Eles riam e gritavam em coro algum tipo de cântico.
Até que silencio total. Eles pararam e abaixaram a cabeça. Ouvimos o caminhar de alguém, um pisar forte no convés de madeira daquele Nau. Aqueles homens abriam caminho até que pudemos ver quem era.
Uma linda mulher ruiva, com 3 tranças, a roupa dela era, aparentemente, mais bem cuidada, com uma longa blusa branca que era presa por 2 tiras de couro, evitando que caísse e mostrasse os seios. Sua calça era larga, mas de couro, como se fosse uma calça de cowboy escura, cobrindo um tipo de ceroula branca, com botas que cobriam a parte inferior da calça. Em sua cintura, duas espadas com bainha dourada. Ela usava um chapéu que só via em filmes, como se fosse um comodoro inglês.
- Bem vindos ao Capitólio, a linha de frente da ilha dos viajantes. Sou a capitã Le’Fla – Era a voz que havíamos escutado no rádio, com o sotaque francês.
- O que querem? – Nikolas perguntou.
- Direto aos negócios? – Ela gargalhou. – Não queremos nada, apenas nos divertir.
Todos os homens gargalharam, e agarraram Nikolas e o arrastaram pelos cabelos. Ele tentou lutar, empurrou dois para os lados, um ele agarrou e arremessou para fora do navio. A capitã, sem ter a chance de conseguir pará-la, correu com extrema velocidade, empunhando uma espada na mão direita, e acertando o peito de Nikolas.
- Não gosto de baderna em meu navio.
Ela retirou a espada e a limpou na roupa de Nikolas, que caiu sem nem ao mesmo se manifestar. Ele estava morto. Ela se virou para mim, que estava paralisado de medo.
Alguns homens pegaram o corpo de Nikolas e o arremessou ao mar, ficando apenas a poça de sangue onde ele estava.
Le’Fla caminhou em minha direção, eu ainda ajoelhado, e passou a mão em meu rosto sorrindo.
- Gostei de você. – Ela disse.
E senti uma pressão imensa na nuca. Não vi mais nada.

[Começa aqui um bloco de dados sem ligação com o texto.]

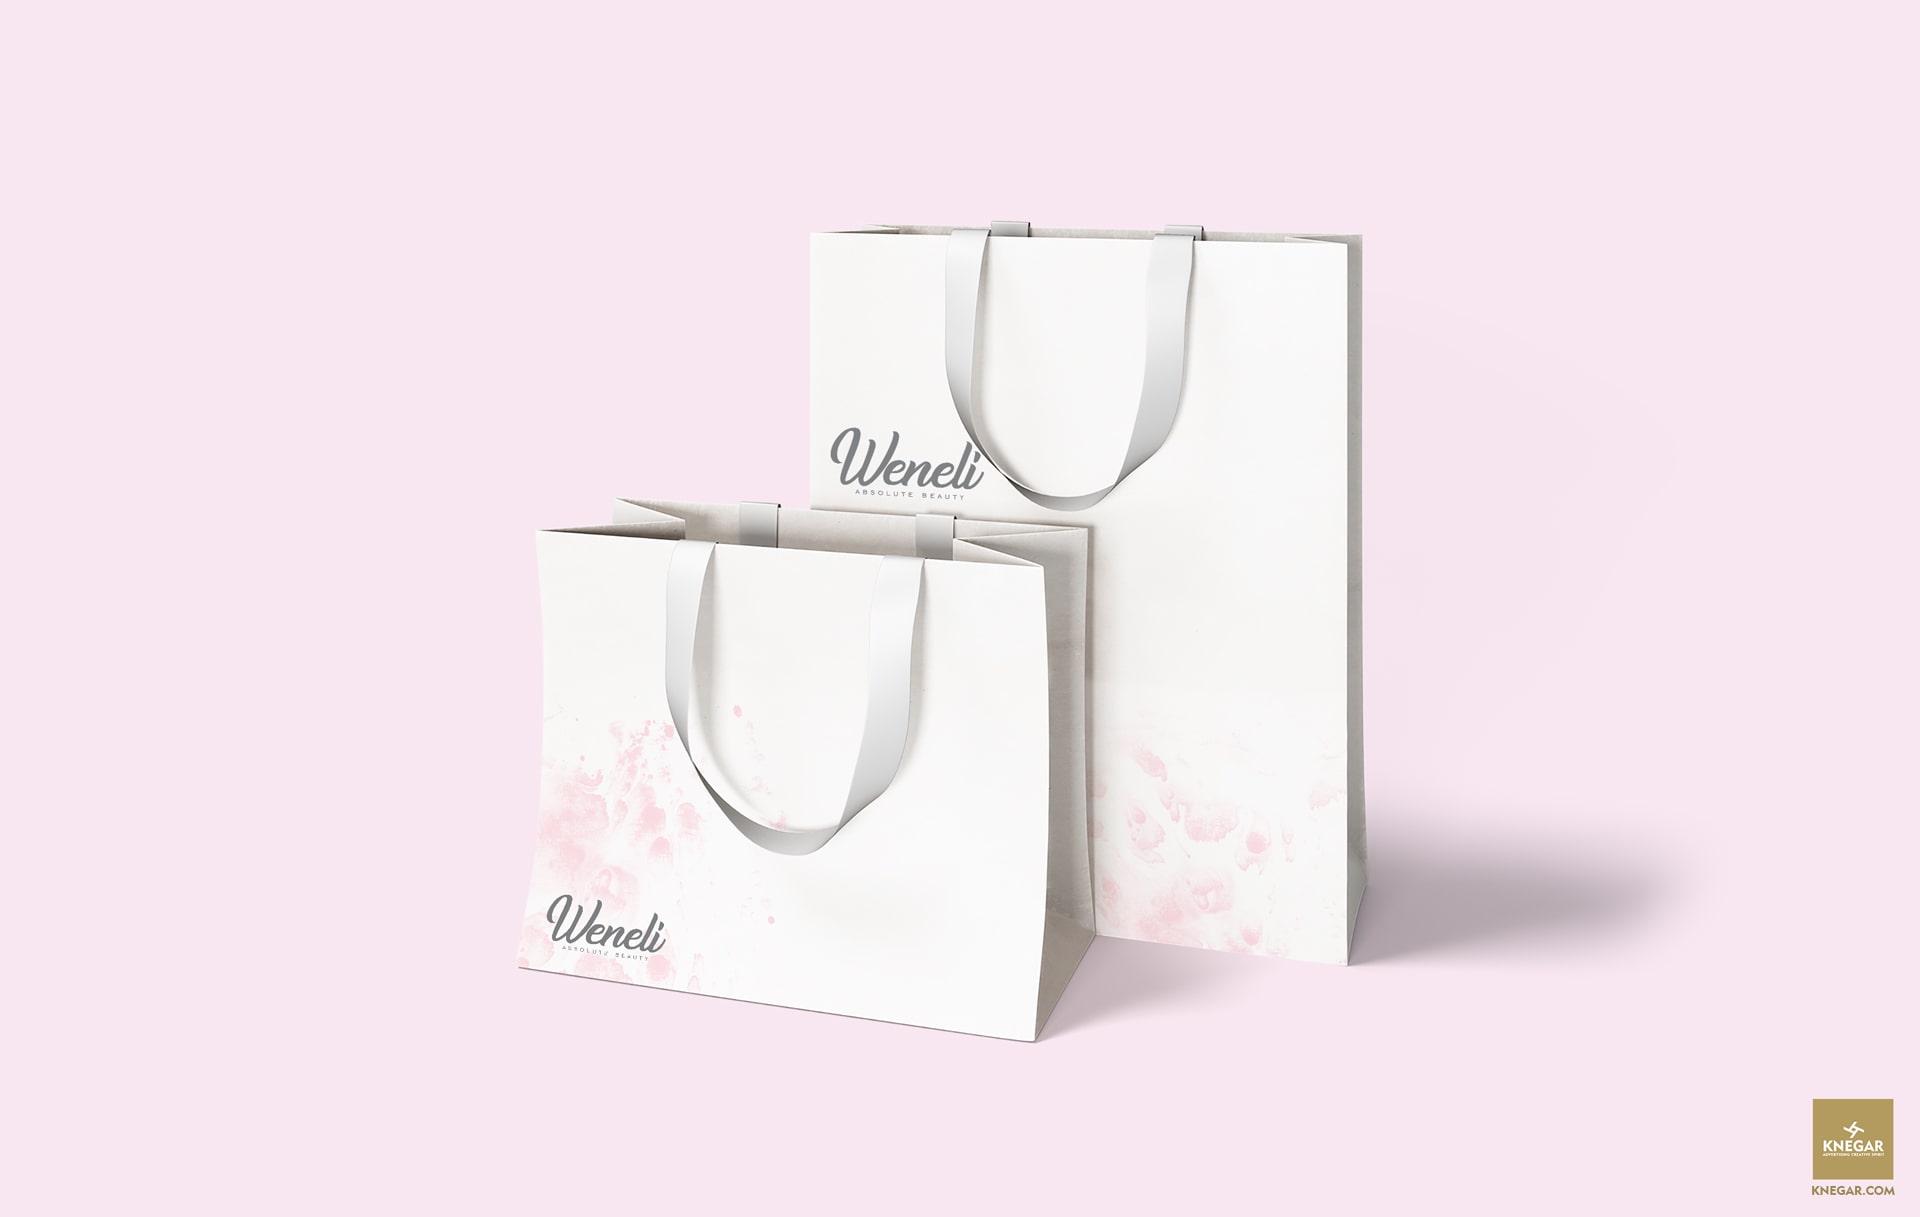 طراحی بسته بندی لوازم آرایشی ونلی -طراحی پاکت چاپ پاکت لوازم آرایشی بسته بندی کرم رژ پنکک

Acordei com um mal cheiro, sentindo uma dor de cabeça. Estava preso pelos pulsos com correntes de aço, em uma espécie de calabouço. Havia esqueletos humanos espalhados pelo lugar, e algumas outras pessoas comigo.
O cheiro do lugar me causava ânsia, era imundo, sem o menor indicio de raios solares. Aonde quer que eu estivesse, sabia que não estava em boas mãos.
- Não se preocupe, se você esta vivo é porque gostaram de você. – Um senhor com a barba por fazer falou comigo.
- Considero isto sorte? – Perguntei.
- Bem, se você é religioso, considere isto como o purgatório. – Ele sorriu.
Eu abaixei a cabeça e suspirei. Conseguia ouvir o som do mar e algumas gaivotas. E esta é o inicio de minha nova vida. E caso eu sobreviva, eu contarei mais detalhes desta ilha e seus integrantes.